What came to mind wasn’t what Gavin expected, though.
“When I called down that . . . holocaust at Sundered Rock, I didn’t know what it was going to do. Not exactly. I mean, I knew it was going be bad, but . . . I came to, standing there, naked. The black just devoured everything. And that hot day turned cold. Bitter cold. Frigid. Even my brother’s body was cold. I couldn’t tell how long it had been—if I’d been unconscious on my feet for hours, or if the hell-stone magic sucked in even heat and it had only been moments.

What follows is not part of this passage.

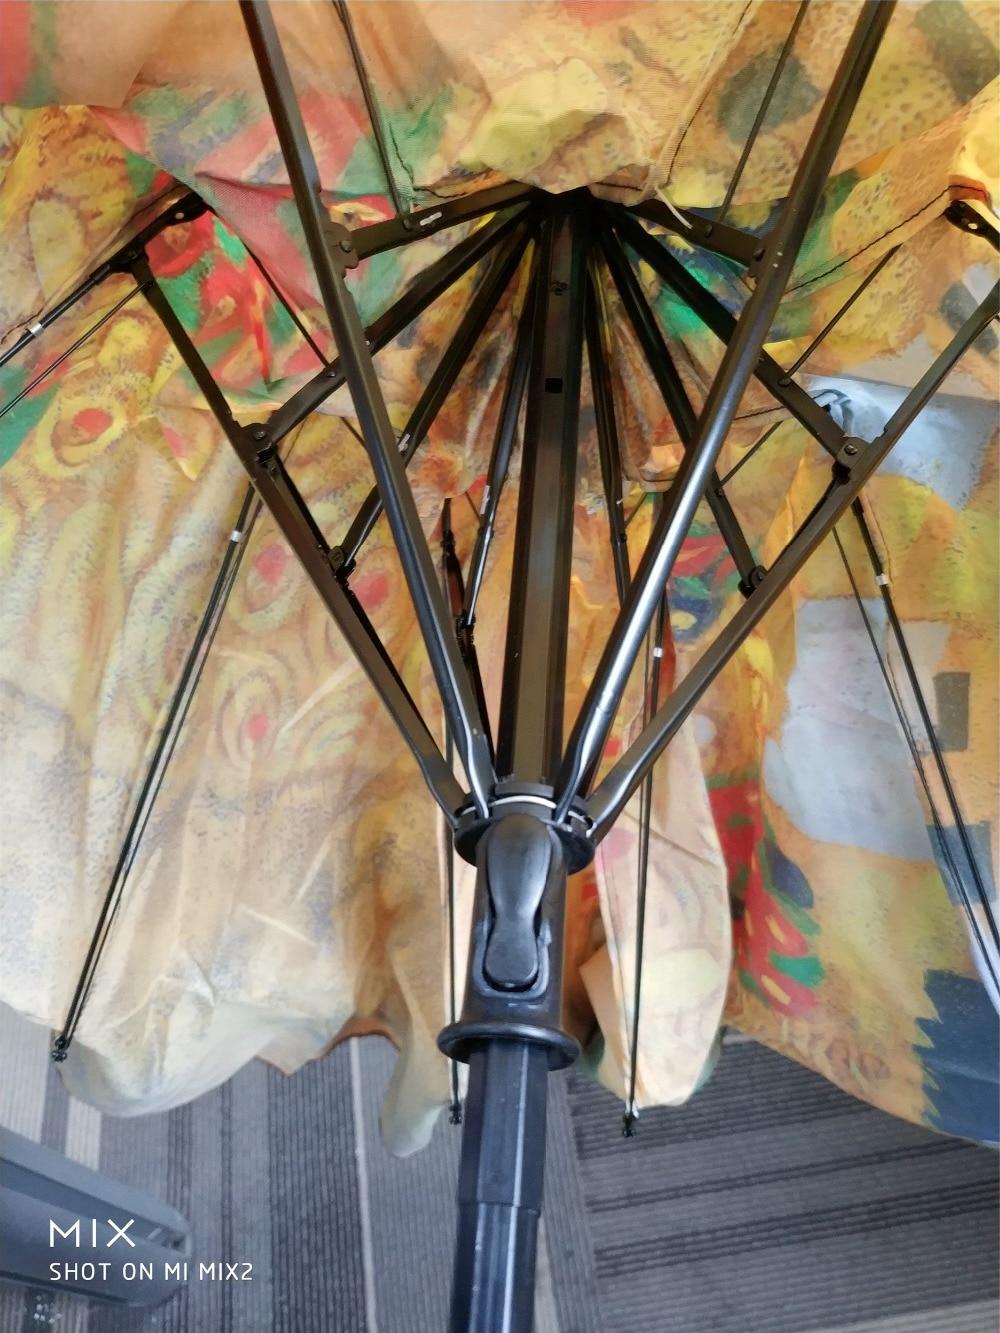 DIY Man And Women Folding Michael Jackson Umbrella Female Beach Customized Umbrellas Children Unique Gift Umbrella

“You know, I was the one person on that battlefield who should have understood what had happened, and I was . . . baffled. My skin was hairless in spots, but unharmed otherwise, but my clothes had disintegrated? I felt I had broken the world, like I’d cracked open an egg and something terrible had been released. But in that moment, there, among the dead . . . even the dying d
idn’t seem to moan. Or maybe I was deaf. I don’t know, but it was so still, as if a ripple of what I’d done was traveling out to infinity. Amid all that, I experienced this moment out of time, as if passing realms had locked here and the pressure had built until the earth heaved and everything fractured. Suddenly the landscape was changed, and you could only pray that the tensions had been relieved and that the aftershocks wouldn’t destroy you.
“Something had happened that was bigger than I could even understand . . . but it had passed, and these stupid, normal, boring-ass concerns came rushing back. Like: I was naked. And I couldn’t find my friends. And first it, it, it wasn’t even that I was afraid they were all dead or that I’d killed them. I couldn’t even think that far ahead. I only knew I was lonely. After all that? After this conflagration of magic the likes of which no one had ever seen or even heard of? No one cared if some guy on the battlefield was naked and his hair didn’t look right or some shit. But I was cold, and I saw Gavin had clothes and there—at the end of the fucking world!—it made me remember this one time when we were kids.
“We’d stopped on one of the little islands my father owned on our way between Rath and Big Jasper and we snuck out late one night and hiked up the mountain to look for this old ruin—which we’d been forbidden to do, of course. And we’d been going for hours and there was a sudden storm, and I’d left my cloak back at my room, and I thought Gavin was going to tell me what an idiot I was. He’d even reminded me to bring it. But instead of mocking me or hitting me—” Gavin’s voice cracked suddenly. He had to clear his throat hard. “Instead Gavin . . . Gavin hugged me under one arm and gave me his cloak. He said he was too hot. The damn liar. Asked me if I’d wear it home for him.”
Gavin cleared his throat, irritated. “He didn’t deserve—I mean, at Sundered Rock I was naked and stupidly embarrassed about it and he had clothes and was dead, and I, I just took them. It seemed really practical, you know? He didn’t need ’em, right? But I looked back at it, and I stripped the dead like a looter. I stripped my brother’s corpse like a grave robber. It was like I’d planned, you know, with Corvan. I mean, it was one possible outcome of like six: set a bunch of smoky red luxin on fire, come out as Gavin, take charge of his armies and pretend to be him . . . I’ve never had a plan go so flawlessly and so poorly.